Using an ad as an example, Fishel breaks the ad's design into the six components that constitute minimal design: color, type, grid, image, message, and packaging. Color in minimal design is a "simple palate" that does not merely "decorate" but communicates, Type is "ubiquitous" and can by its appearance provide a clear message. Grid is the underlying structure of the design; it can "promote recognition" or just support "unpredictable content." Image in minimal design is "stripped of all extraneous references"--what you see is what is there. Message, which can often be determined without text (although most of the examples in the book contain text), must be conveyed instantly, "plainly." Finally, packaging, in minimal design, refers to the combination of the above five components without calling attention to one particular component.
The remainder of the Look is composed of six sections, each representing one of these six design elements. Each section has examples that Fishel feels best exemplifies that element. The examples she collected include ads, posters, annual reports, stationery, business cards, exhibitions--and even a bus.
The designs are clever, funny, ominous, and striking. Many are as minimal as you would think a minimal design might be. You see this effect in the "Jay" stationery, which has only the name Jay at the top of the pages. Or look at the Palmer Jarvis UPC ad: lots of white space with a small, "misshapen" UPC on the bottom right corner with the name Palmer Jarvis (p. 61). Fishel includes samples that initially appear to be anything but minimal: a theater promotion poster and a software company's annual report. Yet if you look closely at these busier designs, you see they adhere to Fishel's definition of minimal design.

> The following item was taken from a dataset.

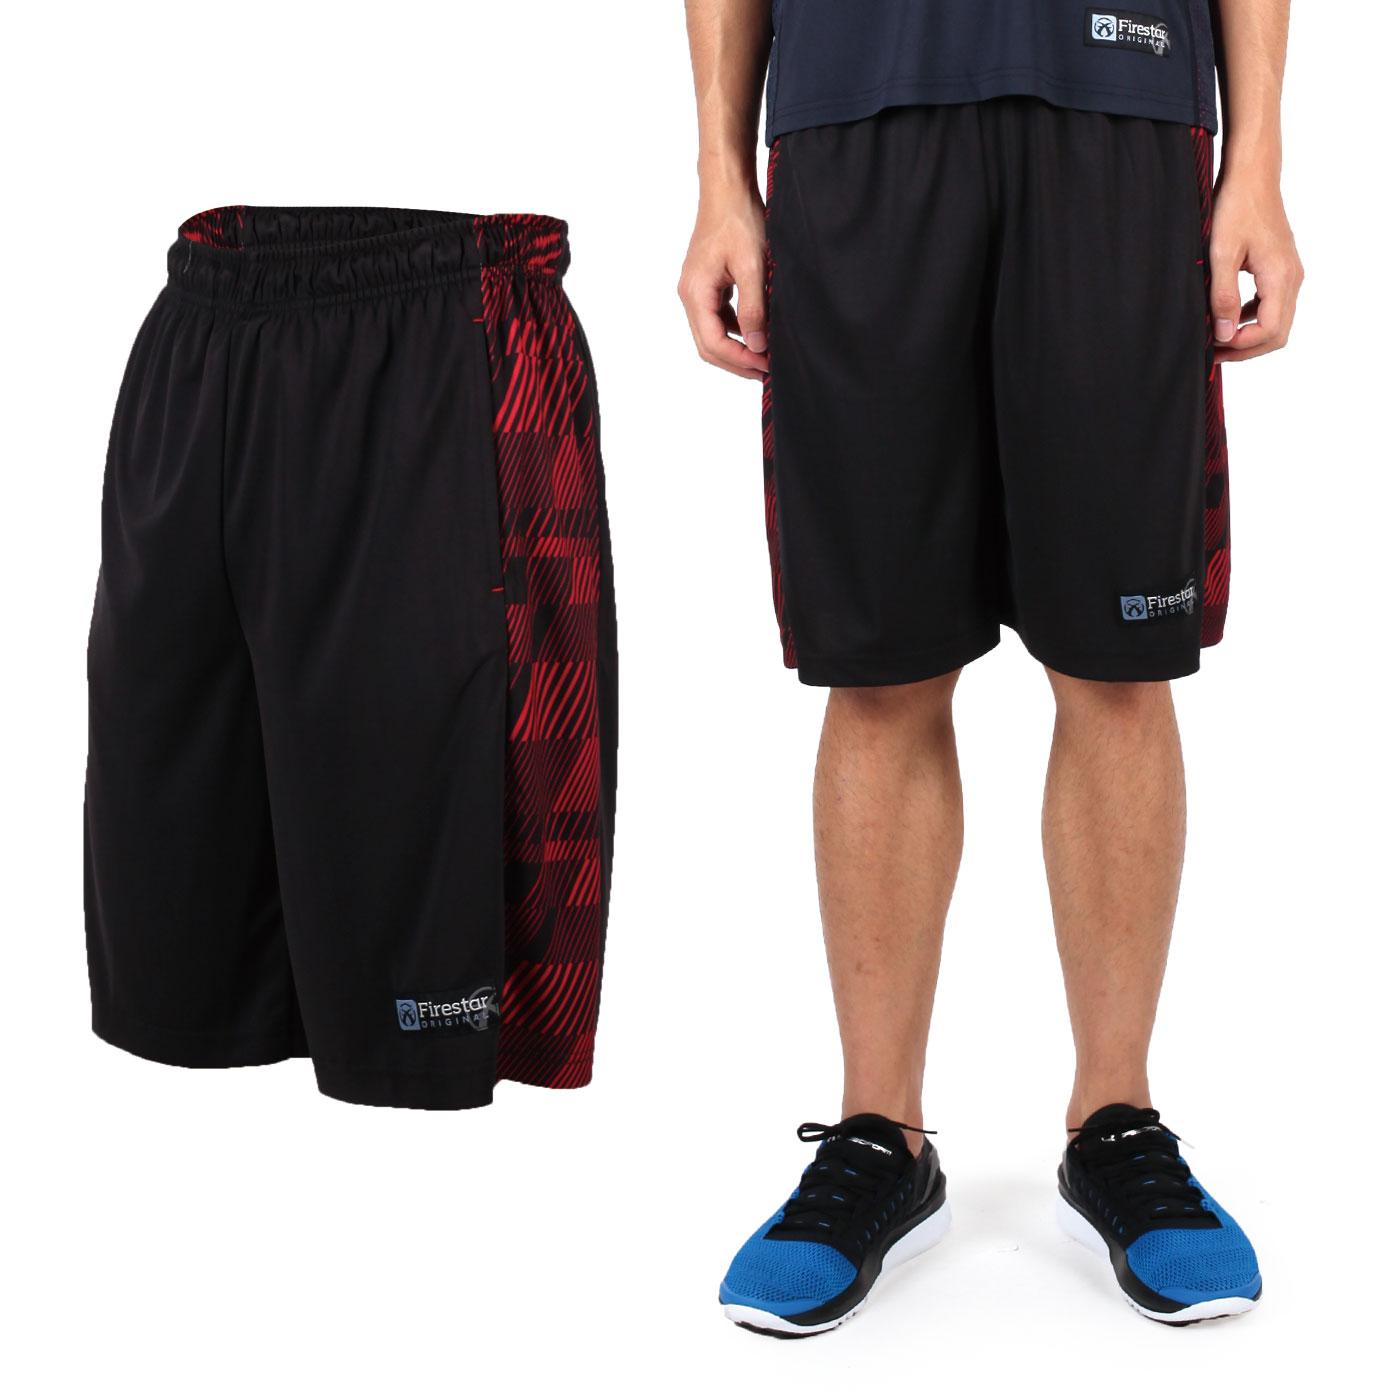 FIRESTAR 吸排籃球褲 B6303-10 - 黑紅

The design of this book itself follows Fishel's definition. Almost every example fits on a single page, along with the names of the design firm, designer, photographer, illustrator, and copywriter. There is also a single-paragraph explanation with each example.
These paragraphs make interesting reading. You learn how the designer of the logo design for Cigar aficionado magazine doodled with the C and A of the magazine's name over and over in different arrangements until he found the one he eventually used (p. 62). You find also why most readers of "Jay" stationery mistakenly think the name refers to a man.
But the book design isn't without problems for the reader. For example, the text is left- and right-justified. Instead of the occasional large gaps of space between words, the words are concatenated. For a graphic arts book that discusses "type" as a design element, this is an odd error.
As a design layman and a sometime software manual and Web designer, I find Fishel's book valuable as a resource. Here is a book full of strong visual designs that immediately communicate an idea. I hope any subsequent design work I do can benefit from the examples in the book.
GEOFF SEMONIAN is a stay-at-home dad and part-time technical writer, programmer, Web page maker, and cook. He has worked for such firms as Scientific Applications International Corporation (SAIC). He reads extensively and has written reviews in Technical communication and other publications.